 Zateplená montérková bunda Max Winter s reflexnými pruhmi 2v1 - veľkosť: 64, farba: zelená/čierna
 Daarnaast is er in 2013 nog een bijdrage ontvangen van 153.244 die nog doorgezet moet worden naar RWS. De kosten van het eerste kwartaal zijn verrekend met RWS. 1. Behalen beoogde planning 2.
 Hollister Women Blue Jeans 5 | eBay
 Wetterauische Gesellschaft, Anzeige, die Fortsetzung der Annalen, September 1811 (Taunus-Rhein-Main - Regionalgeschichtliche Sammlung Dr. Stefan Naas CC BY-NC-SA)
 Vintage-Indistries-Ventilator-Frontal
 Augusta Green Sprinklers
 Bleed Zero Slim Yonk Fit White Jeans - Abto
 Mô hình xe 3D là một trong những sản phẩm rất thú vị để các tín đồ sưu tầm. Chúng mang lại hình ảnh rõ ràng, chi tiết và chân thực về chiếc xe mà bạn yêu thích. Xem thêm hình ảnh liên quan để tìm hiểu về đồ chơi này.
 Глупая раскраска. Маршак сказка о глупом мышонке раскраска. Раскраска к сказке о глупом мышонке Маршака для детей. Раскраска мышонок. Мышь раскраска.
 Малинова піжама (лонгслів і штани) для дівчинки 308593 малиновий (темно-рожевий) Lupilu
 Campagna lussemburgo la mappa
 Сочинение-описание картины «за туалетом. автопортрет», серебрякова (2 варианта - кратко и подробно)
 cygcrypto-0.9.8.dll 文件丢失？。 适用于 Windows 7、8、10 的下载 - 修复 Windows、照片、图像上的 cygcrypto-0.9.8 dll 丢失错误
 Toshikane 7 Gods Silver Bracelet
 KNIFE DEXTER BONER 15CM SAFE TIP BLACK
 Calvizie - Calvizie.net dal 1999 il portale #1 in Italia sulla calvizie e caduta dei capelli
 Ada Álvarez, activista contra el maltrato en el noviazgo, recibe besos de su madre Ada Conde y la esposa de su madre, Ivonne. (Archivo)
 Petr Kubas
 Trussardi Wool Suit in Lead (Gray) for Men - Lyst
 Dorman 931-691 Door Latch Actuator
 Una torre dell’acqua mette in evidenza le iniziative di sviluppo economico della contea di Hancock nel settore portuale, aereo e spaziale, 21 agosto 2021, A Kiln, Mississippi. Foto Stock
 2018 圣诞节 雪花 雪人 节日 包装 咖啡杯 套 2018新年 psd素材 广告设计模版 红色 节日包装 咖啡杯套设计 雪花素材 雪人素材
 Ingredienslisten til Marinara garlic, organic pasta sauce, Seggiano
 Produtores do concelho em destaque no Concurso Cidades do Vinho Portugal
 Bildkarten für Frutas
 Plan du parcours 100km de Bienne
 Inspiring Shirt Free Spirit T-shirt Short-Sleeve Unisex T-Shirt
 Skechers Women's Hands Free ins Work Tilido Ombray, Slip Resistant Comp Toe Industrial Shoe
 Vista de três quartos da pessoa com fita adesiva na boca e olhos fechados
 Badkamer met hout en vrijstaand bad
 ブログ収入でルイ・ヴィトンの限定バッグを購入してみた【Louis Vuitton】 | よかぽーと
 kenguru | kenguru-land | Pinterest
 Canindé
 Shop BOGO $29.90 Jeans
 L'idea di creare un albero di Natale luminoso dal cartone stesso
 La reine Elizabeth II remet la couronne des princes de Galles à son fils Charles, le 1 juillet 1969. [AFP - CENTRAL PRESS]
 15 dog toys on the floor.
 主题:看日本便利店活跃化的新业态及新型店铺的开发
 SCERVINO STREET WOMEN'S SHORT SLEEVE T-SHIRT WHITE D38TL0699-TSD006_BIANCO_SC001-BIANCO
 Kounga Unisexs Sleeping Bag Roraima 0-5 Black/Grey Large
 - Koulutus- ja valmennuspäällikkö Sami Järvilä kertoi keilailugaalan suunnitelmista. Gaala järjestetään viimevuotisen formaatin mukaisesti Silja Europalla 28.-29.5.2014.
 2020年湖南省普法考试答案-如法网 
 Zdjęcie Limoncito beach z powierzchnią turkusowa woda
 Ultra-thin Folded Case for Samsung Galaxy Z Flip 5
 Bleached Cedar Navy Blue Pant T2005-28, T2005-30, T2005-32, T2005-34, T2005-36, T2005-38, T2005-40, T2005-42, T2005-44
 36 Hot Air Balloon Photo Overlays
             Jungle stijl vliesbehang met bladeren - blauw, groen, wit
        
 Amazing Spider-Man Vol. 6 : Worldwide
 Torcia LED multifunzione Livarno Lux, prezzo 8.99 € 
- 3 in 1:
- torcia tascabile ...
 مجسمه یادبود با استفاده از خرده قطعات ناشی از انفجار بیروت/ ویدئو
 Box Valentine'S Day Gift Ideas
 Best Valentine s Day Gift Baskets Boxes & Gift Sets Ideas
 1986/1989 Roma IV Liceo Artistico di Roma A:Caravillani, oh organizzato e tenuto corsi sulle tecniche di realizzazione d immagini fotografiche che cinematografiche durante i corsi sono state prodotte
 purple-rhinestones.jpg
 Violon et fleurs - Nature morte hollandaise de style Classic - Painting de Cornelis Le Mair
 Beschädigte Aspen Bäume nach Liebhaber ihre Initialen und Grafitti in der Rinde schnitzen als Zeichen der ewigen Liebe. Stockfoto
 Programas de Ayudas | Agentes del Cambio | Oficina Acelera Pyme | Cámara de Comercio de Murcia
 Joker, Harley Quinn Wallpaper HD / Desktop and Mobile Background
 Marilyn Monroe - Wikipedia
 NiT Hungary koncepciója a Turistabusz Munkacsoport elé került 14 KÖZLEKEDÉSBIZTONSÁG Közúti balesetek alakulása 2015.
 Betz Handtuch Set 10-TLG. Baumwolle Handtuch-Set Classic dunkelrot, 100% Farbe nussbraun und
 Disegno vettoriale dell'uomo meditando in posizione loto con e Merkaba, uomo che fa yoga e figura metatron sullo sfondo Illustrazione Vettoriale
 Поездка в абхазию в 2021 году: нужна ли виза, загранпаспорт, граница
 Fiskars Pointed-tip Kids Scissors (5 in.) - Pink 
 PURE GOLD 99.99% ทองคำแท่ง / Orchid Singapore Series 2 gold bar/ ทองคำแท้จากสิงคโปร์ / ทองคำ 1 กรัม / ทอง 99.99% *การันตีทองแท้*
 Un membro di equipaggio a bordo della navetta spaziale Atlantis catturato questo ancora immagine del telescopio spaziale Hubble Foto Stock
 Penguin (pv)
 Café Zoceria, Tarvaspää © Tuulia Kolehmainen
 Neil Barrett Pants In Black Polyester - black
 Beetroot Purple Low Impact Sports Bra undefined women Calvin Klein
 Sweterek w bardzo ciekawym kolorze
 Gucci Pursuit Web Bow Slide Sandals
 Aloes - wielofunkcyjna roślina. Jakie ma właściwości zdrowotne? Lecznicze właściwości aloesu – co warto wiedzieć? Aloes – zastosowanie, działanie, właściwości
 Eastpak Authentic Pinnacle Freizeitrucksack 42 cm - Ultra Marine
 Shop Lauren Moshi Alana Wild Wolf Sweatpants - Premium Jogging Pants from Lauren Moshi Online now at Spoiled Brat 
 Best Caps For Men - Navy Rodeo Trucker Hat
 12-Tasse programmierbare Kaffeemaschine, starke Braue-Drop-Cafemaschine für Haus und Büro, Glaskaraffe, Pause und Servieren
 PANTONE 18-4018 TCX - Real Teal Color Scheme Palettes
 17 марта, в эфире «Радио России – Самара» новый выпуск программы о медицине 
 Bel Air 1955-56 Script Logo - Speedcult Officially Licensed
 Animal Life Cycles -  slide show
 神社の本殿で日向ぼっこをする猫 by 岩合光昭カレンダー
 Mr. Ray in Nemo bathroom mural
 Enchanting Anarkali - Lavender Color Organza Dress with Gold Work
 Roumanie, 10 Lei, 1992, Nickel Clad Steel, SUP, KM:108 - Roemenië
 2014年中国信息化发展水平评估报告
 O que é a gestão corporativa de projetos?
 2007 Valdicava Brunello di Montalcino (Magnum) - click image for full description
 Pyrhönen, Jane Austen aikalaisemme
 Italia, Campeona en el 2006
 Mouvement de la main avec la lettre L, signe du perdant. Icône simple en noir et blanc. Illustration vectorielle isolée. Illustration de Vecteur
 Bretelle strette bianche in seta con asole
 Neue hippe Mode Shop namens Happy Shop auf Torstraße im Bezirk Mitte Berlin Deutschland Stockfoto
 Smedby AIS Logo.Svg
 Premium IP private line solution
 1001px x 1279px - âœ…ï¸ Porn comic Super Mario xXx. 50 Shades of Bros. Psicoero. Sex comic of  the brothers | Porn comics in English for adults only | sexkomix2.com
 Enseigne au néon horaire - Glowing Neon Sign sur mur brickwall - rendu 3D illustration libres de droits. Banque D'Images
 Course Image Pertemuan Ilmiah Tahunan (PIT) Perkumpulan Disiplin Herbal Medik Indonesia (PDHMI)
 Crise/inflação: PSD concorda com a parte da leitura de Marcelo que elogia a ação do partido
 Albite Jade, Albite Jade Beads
=-=-=
[WHAT THE TASK ASKS]
Set down, unchanged, only those lines above that fall between the line with "кратко и подробно)" and the line with "Ingredienslisten til Marinara", the two end lines included.

[OUTPUT FOR THIS EXERCISE]
 Сочинение-описание картины «за туалетом. автопортрет», серебрякова (2 варианта - кратко и подробно)
 cygcrypto-0.9.8.dll 文件丢失？。 适用于 Windows 7、8、10 的下载 - 修复 Windows、照片、图像上的 cygcrypto-0.9.8 dll 丢失错误
 Toshikane 7 Gods Silver Bracelet
 KNIFE DEXTER BONER 15CM SAFE TIP BLACK
 Calvizie - Calvizie.net dal 1999 il portale #1 in Italia sulla calvizie e caduta dei capelli
 Ada Álvarez, activista contra el maltrato en el noviazgo, recibe besos de su madre Ada Conde y la esposa de su madre, Ivonne. (Archivo)
 Petr Kubas
 Trussardi Wool Suit in Lead (Gray) for Men - Lyst
 Dorman 931-691 Door Latch Actuator
 Una torre dell’acqua mette in evidenza le iniziative di sviluppo economico della contea di Hancock nel settore portuale, aereo e spaziale, 21 agosto 2021, A Kiln, Mississippi. Foto Stock
 2018 圣诞节 雪花 雪人 节日 包装 咖啡杯 套 2018新年 psd素材 广告设计模版 红色 节日包装 咖啡杯套设计 雪花素材 雪人素材
 Ingredienslisten til Marinara garlic, organic pasta sauce, Seggiano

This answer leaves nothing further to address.